With that, happy weekend!
This was beautiful Parita!! I feel the same way. Marriage goes through a real transition after kids and the perspective shift is soooo powerful! Xoxox
Thank you! It’s such a journey but when you’re with someone who also wants to do the work, it’s so worth it!
I love that you shared this! REB and I went through something very similar (and still going through some self-realizations of self-progress!) but I think the hardest part is being able to actually be up front and courageous enough to speak and communicate to your partner. It’s easier said than done and often times seems like common sense: like, duh, you should talk to your partner…but sometimes it’s not that simple. Sometimes our emotions are so strong and tangles that we don’t even know how to navigate or how to even *begin* to approach such an idea. No marriage is perfect but you can make it work for you! And we don’t have kids! So he and I are always reminding each other “It’s just us – let’s figure this out!”. It’s going to be a learning experience and ongoing forever, I know that, but I’m so glad we’re willing to do that together! <3 and I'm so thankful for you for having the courage to share something like this with all your readers!! You and V are so amazing together and your relationship will shape K for the better <3 xoxox you're doing amazing, Par. Never underestimate or downplay all you're doing and all the two of you are doing together for him 🙂 Happy weekend, love!
Thank you for sharing your experiences! When writing this, I did think about how I SHOULD see Vishnu’s intentions as pure, but when you’re in the moment, it’s so hard bc you’re feeling what you’re feeling. I love that we’re both with people who want to work just as hard at our relationships…makes it worth the ups and downs!
Love this post!
It’s hard to remember in the heat of the moment but was definitely a game changer for us! Arguments and less frequent as we approach our communication differently now and when we do argue, it’s diffused more quickly 🙂
Yes, exactly! When you really consider who your s/o is and what his/her intentions are, it changes everything.
I can’t tell you how much I relate to this right now. We just had this conversation yesterday.

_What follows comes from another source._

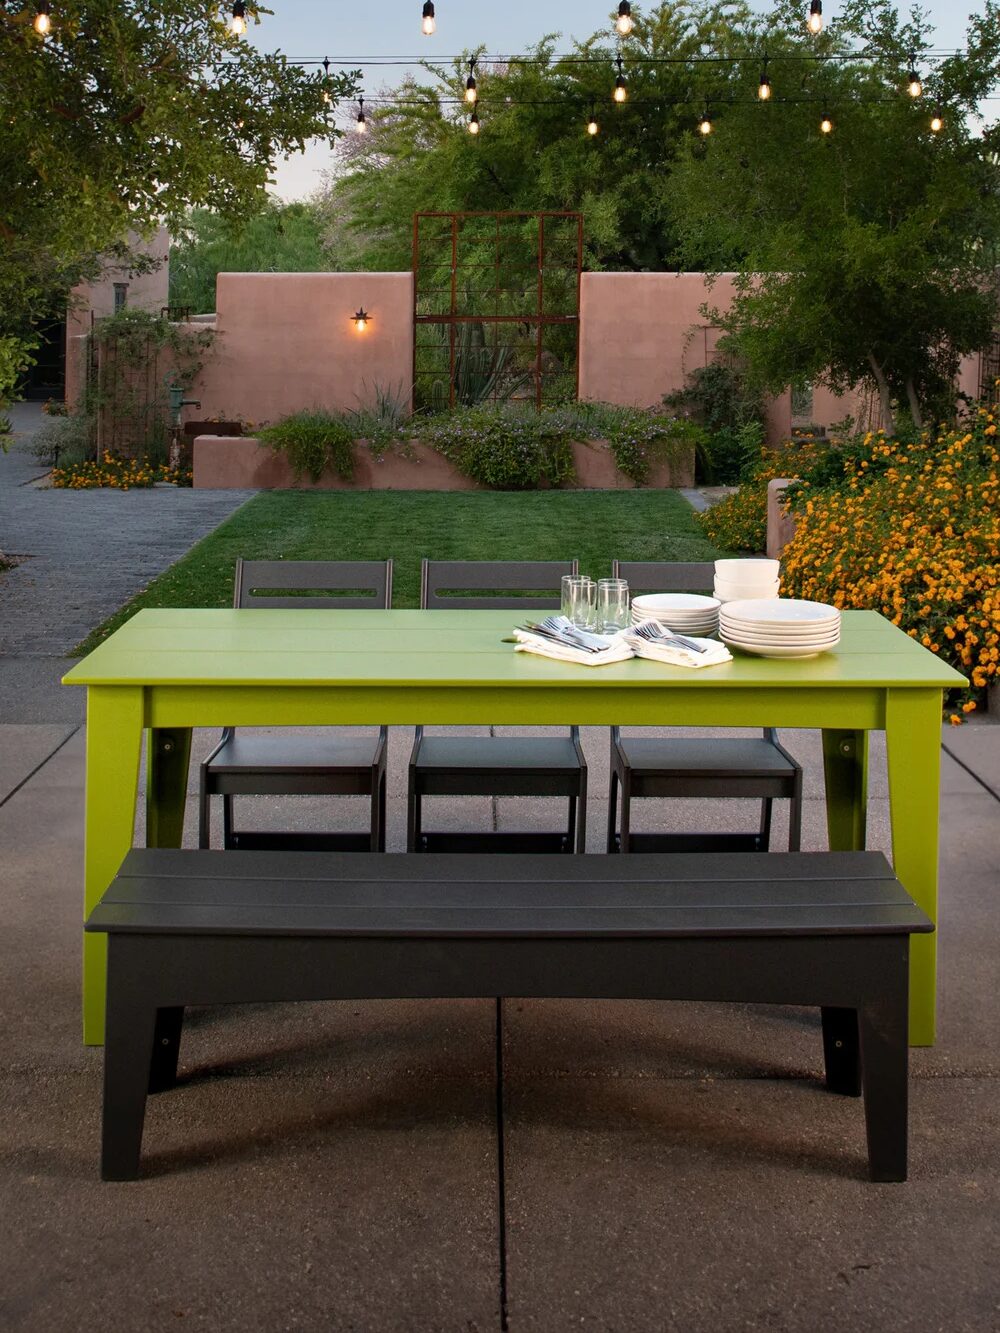 Outdoor dining area with a lime green table, black bench, and three chairs set in a garden patio. String lights hang above, and the table holds stacked plates and glasses. Bushes and greenery surround the setup.

Makes me feel so weird to be saying all this a complete stranger but everything including the part where your husband asks you to believe him when he says he doesn’t mean to hurt you. Maybe it’s just postpartum and the changes that I’m going through but it’s been oh so very crazy and I’ve never felt this disconnected or distant.
I’m so glad this was relatable! And I know the feeling, trust me. You don’t feel like yourself or connected to the one person you want to be connected to. It’s hard but it does get better!